Next, you need to switch to the workshop project directory:

git clone https://github.com/ob-labs/ChatBot
cd ChatBot

We prepare a .env.example file that contains the environment variables required for the chatbot. You can copy the .env.example file to .env and update the values in the .env file.

cp .env.example .env
# Update the .env file with the correct values, especially the API_KEY and database information
vi .env

The content of .env.example is as follows. If you are following the workshop steps (using LLM capabilities from Tongyi Qianwen), you need to update API_KEY with the API KEY values you obtained from the Alibaba Cloud Bailian console. If you are using an OB Cloud database instance, update the variables starting with DB_ with your database connection information, then save the file.

UI_LANG="zh"


#######################################################################
###################                               #####################
###################          Model Setting        #####################
###################                               #####################
#######################################################################
HF_ENDPOINT=https://hf-mirror.com

### Chat model
API_KEY=xxxxxxxxxxxxxxxxxxxxxxxxxxxxxxxx             -----> Fill in the API Key you just applied for
LLM_MODEL="qwen3-coder-plus"
LLM_BASE_URL="https://dashscope.aliyuncs.com/compatible-mode/v1"

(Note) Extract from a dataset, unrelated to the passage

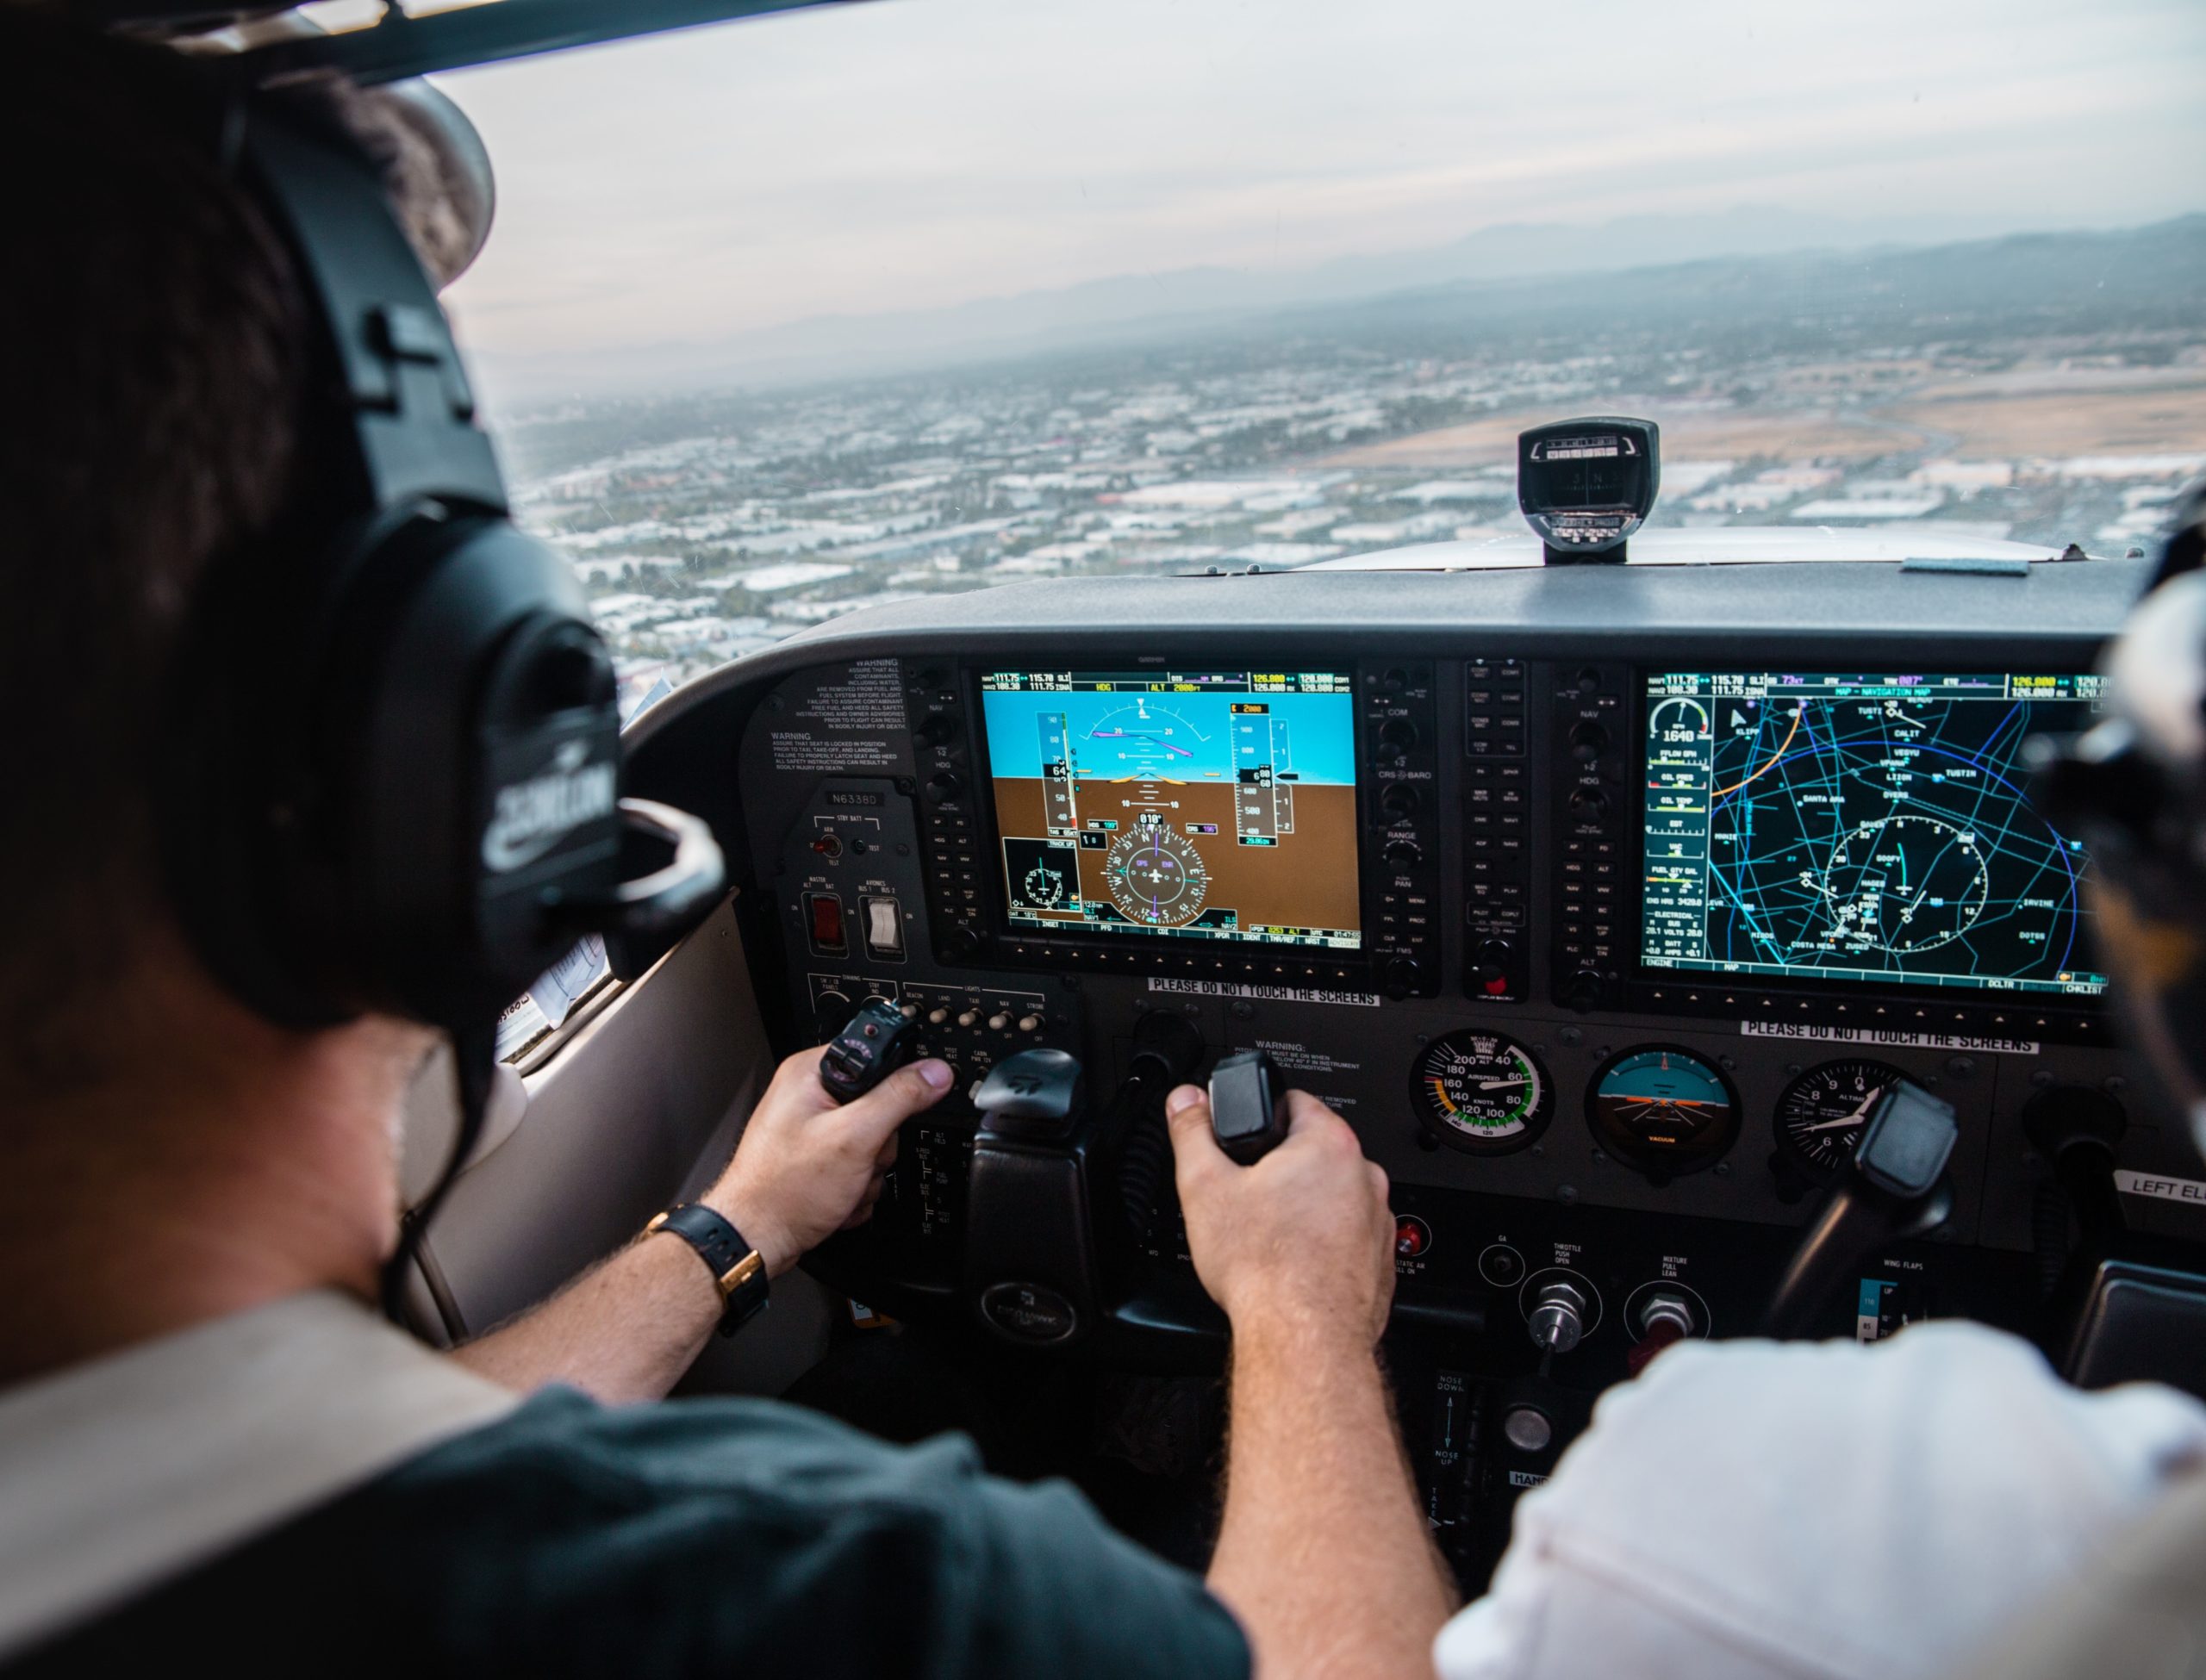 électronique de puissance aéronautique, alimentation pour radar ou système de pilotage aéronautique
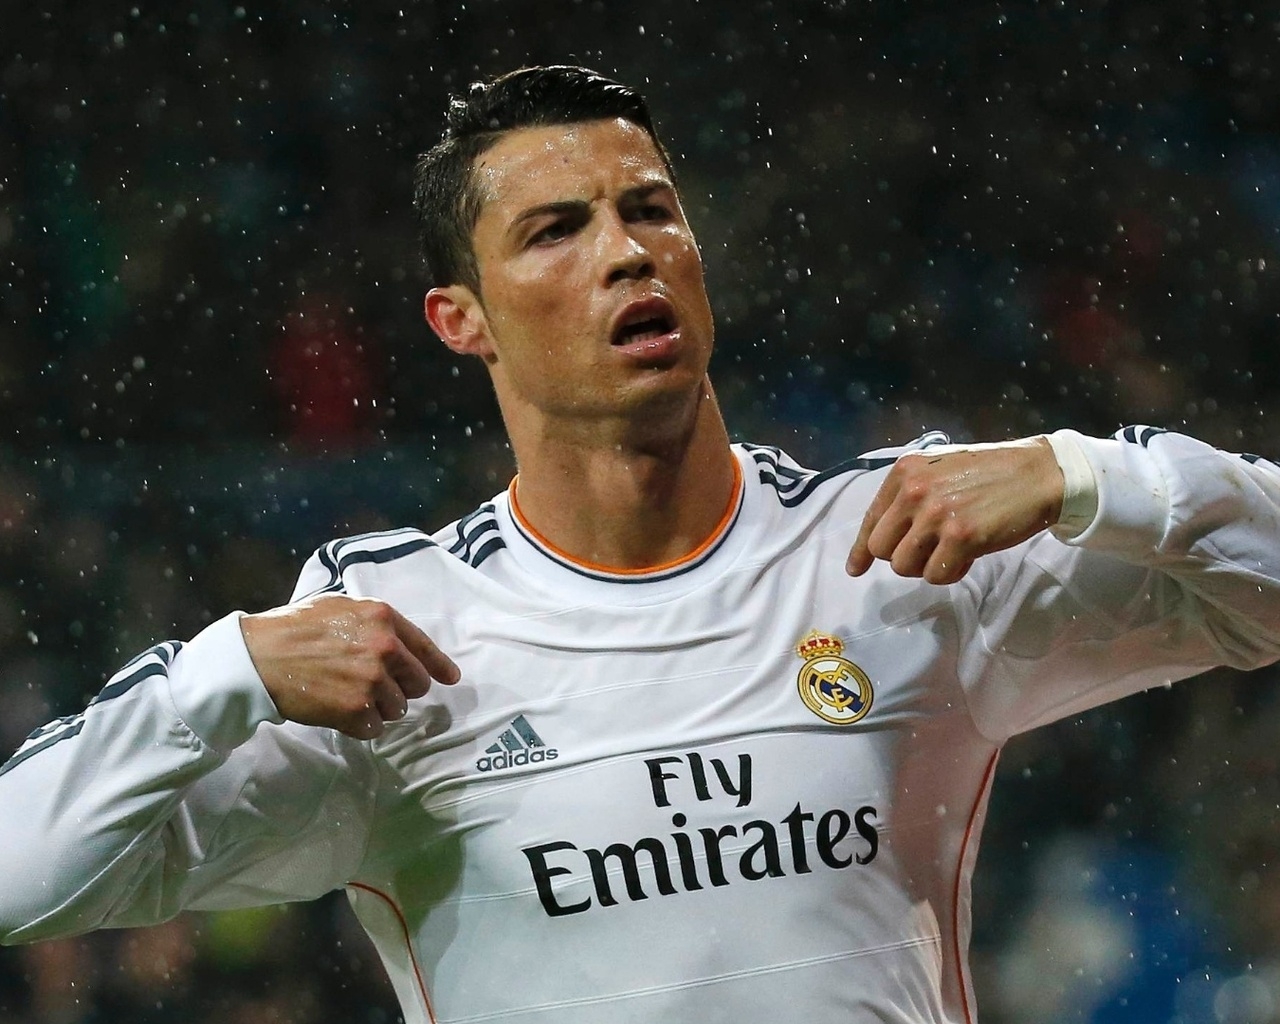 Cristiano Ronaldo in Rain for 1280 x 1024 resolution

# =============================================================================
# Embedding Model Configuration
# =============================================================================
# EMBEDDED_TYPE: Embedding model type, available options:
#   - default: Use built-in sentence-transformers/all-MiniLM-L6-v2 model (no additional config needed)
#   - local_model: Use local embedding model (requires EMBEDDED_LLM_MODEL and EMBEDDED_LLM_BASE_URL)
#   - ollama: Use Ollama embedding service (requires all three params below)
#   - openai_embedding: Use OpenAI embedding API (requires all three params below)
EMBEDDED_TYPE=default

# Vector embedding dimension (must match your embedding model's output dimension)
EMBEDDED_DIMENSION=384

# EMBEDDED_API_KEY: API key for embedding service
#   - Required for: ollama, openai_embedding
#   - Not required for: default, local_model
EMBEDDED_API_KEY=

# EMBEDDED_LLM_MODEL: Embedding model name
#   - For local_model: model name (e.g., BAAI/bge-m3)
#   - For ollama: model name (e.g., nomic-embed-text)
#   - For openai_embedding: model name (e.g., tongyi text-embedding-3-small)
EMBEDDED_LLM_MODEL=

# EMBEDDED_LLM_BASE_URL: Base URL or model path
#   - For local_model: local model path (e.g., /path/to/model), if this is empty, it will be automatically downloaded
#   - For ollama: Ollama server URL (e.g., http://localhost:11434)
#   - For openai_embedding: OpenAI API base URL (e.g., https://api.openai.com/v1)
EMBEDDED_LLM_BASE_URL=


#######################################################################
###################                               #####################
###################          Database Setting     #####################
###################                               #####################
#######################################################################

# Whether to reuse the current database
# When set to true, will reuse existing database connection
# When set to false, will start download dockers, at this time:
#                   if DB_STORE is seekdb, DB_USER must be root
#                   if DB_STORE is oceanbase, DB_USER must be root@test
REUSE_CURRENT_DB=true                ---> If using local docker, change to false; if using the cloud OceanBase you just created, set to true


# Use what kind of docker, seekdb's docker or oceanbase-ce's docker
# Options: seekdb, oceanbase
# seekdb: If REUSE_CURRENT_DB is false, download seekdb docker
# oceanbase: If REUSE_CURRENT_DB is false, download oceanbase-ce docker
DB_STORE=seekdb            ---> If using the cloud OceanBase you just created, set to oceanbase

----> If using the cloud OceanBase you just created, fill in the correct database address
# Database Setting, please change as your environment. 
DB_HOST="127.0.0.1"
DB_PORT="2881"
#if REUSE_CURRENT_DB=false and DB_STORE=seekdb, DB_USER must be root
#if REUSE_CURRENT_DB=false and DB_STORE=oceanbase, DB_USER must be root@test
DB_USER="root"
# If database use OceanBase, the DB_USER will contain tenant's name
# DB_USER="root@test"
DB_PASSWORD="root@test"
DB_NAME="test"


#######################################################################
###################                               #####################
###################         RAG Parser Setting    #####################
###################                               #####################
#######################################################################
# Maximum chunk size for text splitting (in characters)
MAX_CHUNK_SIZE=4096

# Limit the number of documents to process (0 means no limit)
LIMIT=0

# Patterns to skip when processing documents (comma-separated, e.g., "*.log,*.tmp")
SKIP_PATTERNS=""

3. Install dependencies

make init

This command will take much time to download all dependency, if use docker to run OceanBase seekdb or OceanBase, it will increase time usage.

4. Prepare Document Data

In this step, we will clone the open-source documentation repositories of OceanBase components and process them to generate document vectors and other structured data, which will then be inserted into the OceanBase database we deployed in step 1.

make start
  You can now view your Streamlit app in your browser.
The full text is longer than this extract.